Comunque, senza nulla togliere niente a nessuno, ma voglio il parere di un medico...meglio...

LilithSChild
20-06-2008, 23:15
:rolleyes:

Comunque, senza nulla togliere niente a nessuno, ma voglio il parere di un medico...meglio...

scusa e lo chiedi in un forum di informatica ? :wtf:

GUSTAV]<
20-06-2008, 23:16
:rolleyes:

Comunque, senza nulla togliere niente a nessuno, ma voglio il parere di un medico...meglio...
accidenti, è che stò a scrivere al buio.. :mc:
uff. mi devo acquistare una tastiera luminosa.. :O

svl2
20-06-2008, 23:37
se non ricordo male la differenza nella composizione sta tutta negli eccipienti usati .

Mecoita
21-06-2008, 07:46
se è un farmaco intramuscolare a base acquosa e gli ml iniettati sono pochi ( 2-3 ) praticamente nulla, nel caso invece di quantitativi superiori potrebbero esserci malori vari ma nulla di troppo allarmante.

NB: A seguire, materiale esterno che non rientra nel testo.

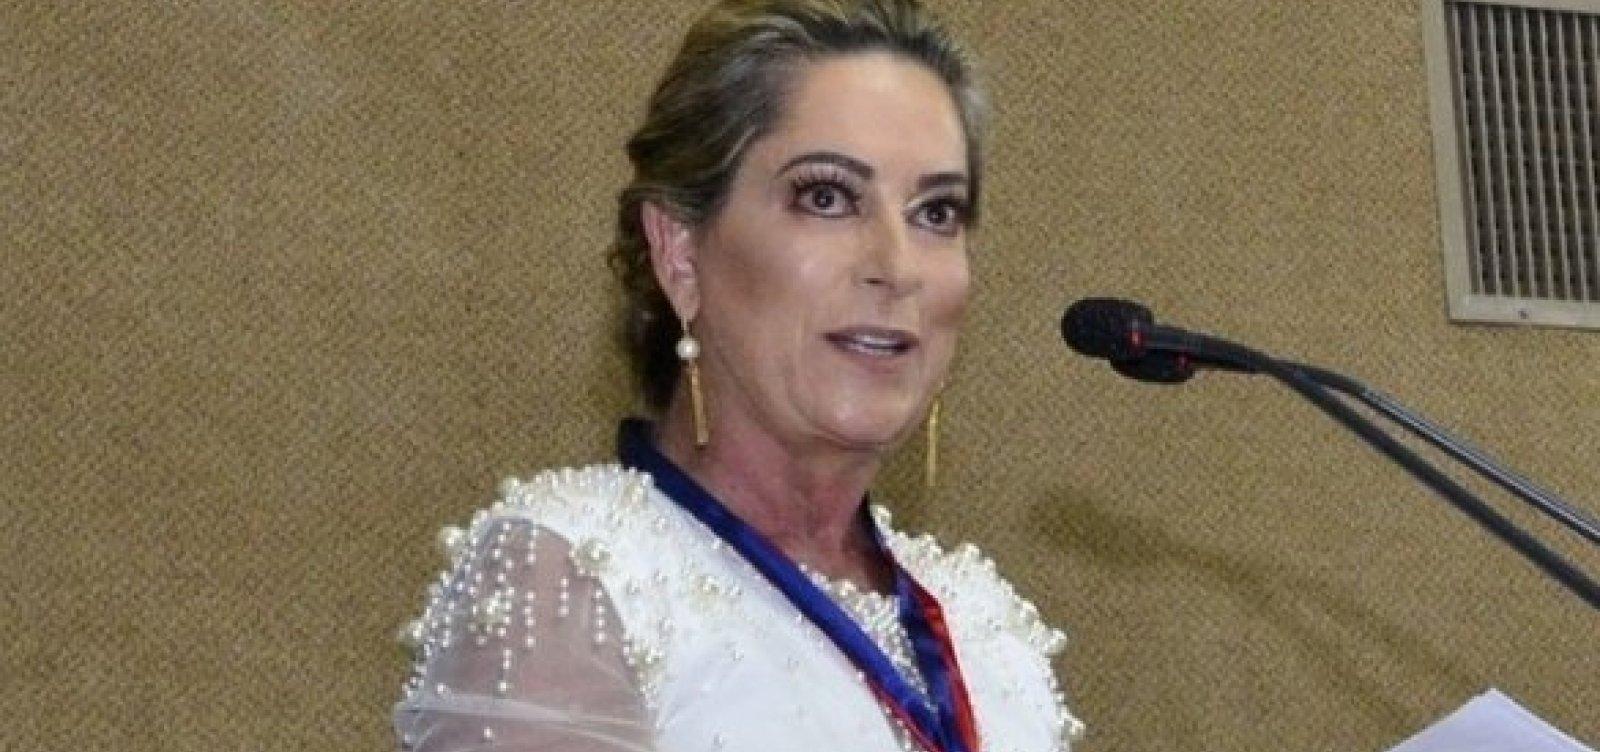 DESEMBARGADORA DO TJ-BA ACUSADA NA FAROESTE PRESA NESTE DOMINGO

se il farmaco intramuscolare è a base oleosa anche con pochi ml puo verificarsi un embolia

ale85xp
21-06-2008, 08:59
dipende dalle proprietà farmacocinetiche del farmaco (ad esempio la biodisponibilità per via intramuscolare, la natura del farmaco..) ci sono molte variabili ma in genere la regola generale è che è meglio applicare quello che esiste già senza sperimentare.. ilpazientepuò tirare le cuoia e tu andare in glera e non poter più esercitare..

Fabio Ryan
21-06-2008, 10:37
quest'anno la prof di scienze (programma di biologia) spiegandoci diffusione e osmosi ci ha spiegato un pò come funziona il fatto delle iniezioni, in attesa di un medico cerco di spiegarti in maniera schematica la situazione. dunque abbiamo tre tipi di situazioni fra cellula e ambiente esterno, situazione di ipertonicità in cui l'ambiente esterno (ciò che è contenuto nella siringa) è di maggiore concentrazione ( + quantità di materia) rispetto alla parte ospitante (le cellule in cui entrerà questa sostanza), questo è il caso delle intramuscolari a concentrazione ipertonica, abbiamo anche il modello ipotonico in cui la sostanza iniettata avrà minore concentrazione dell'interno della cellula, ciò porterà ciò che è contenuto nella cellula al di fuori di essa, che di conseguenza raggrinzirà.
ciò significa che se secondo la diffusione la sostanza + concentrata diffonde in quella meno concentrata (i globuli rossi...), si arriverà al punto in cui la cellula arriverà ad espandersi eccessivamente per l'ingresso della sostanza, fino ad esplodere, è l'emolisi. ciò porterà alla formazione di un embolo, e se arriva al cuore meglio che non ti dico come finisce. è per questo che le endovenose sono isotoniche, ovvero a concentrazione pressochè uguale fra globuli rossi e sostanza iniettata, si manterrà dunque un equilibrio fra l'ambiente esterno e l'interno della cellula, ovvero ciò che entra nella cellula è alla stessa concentrazione di ciò che vi esce.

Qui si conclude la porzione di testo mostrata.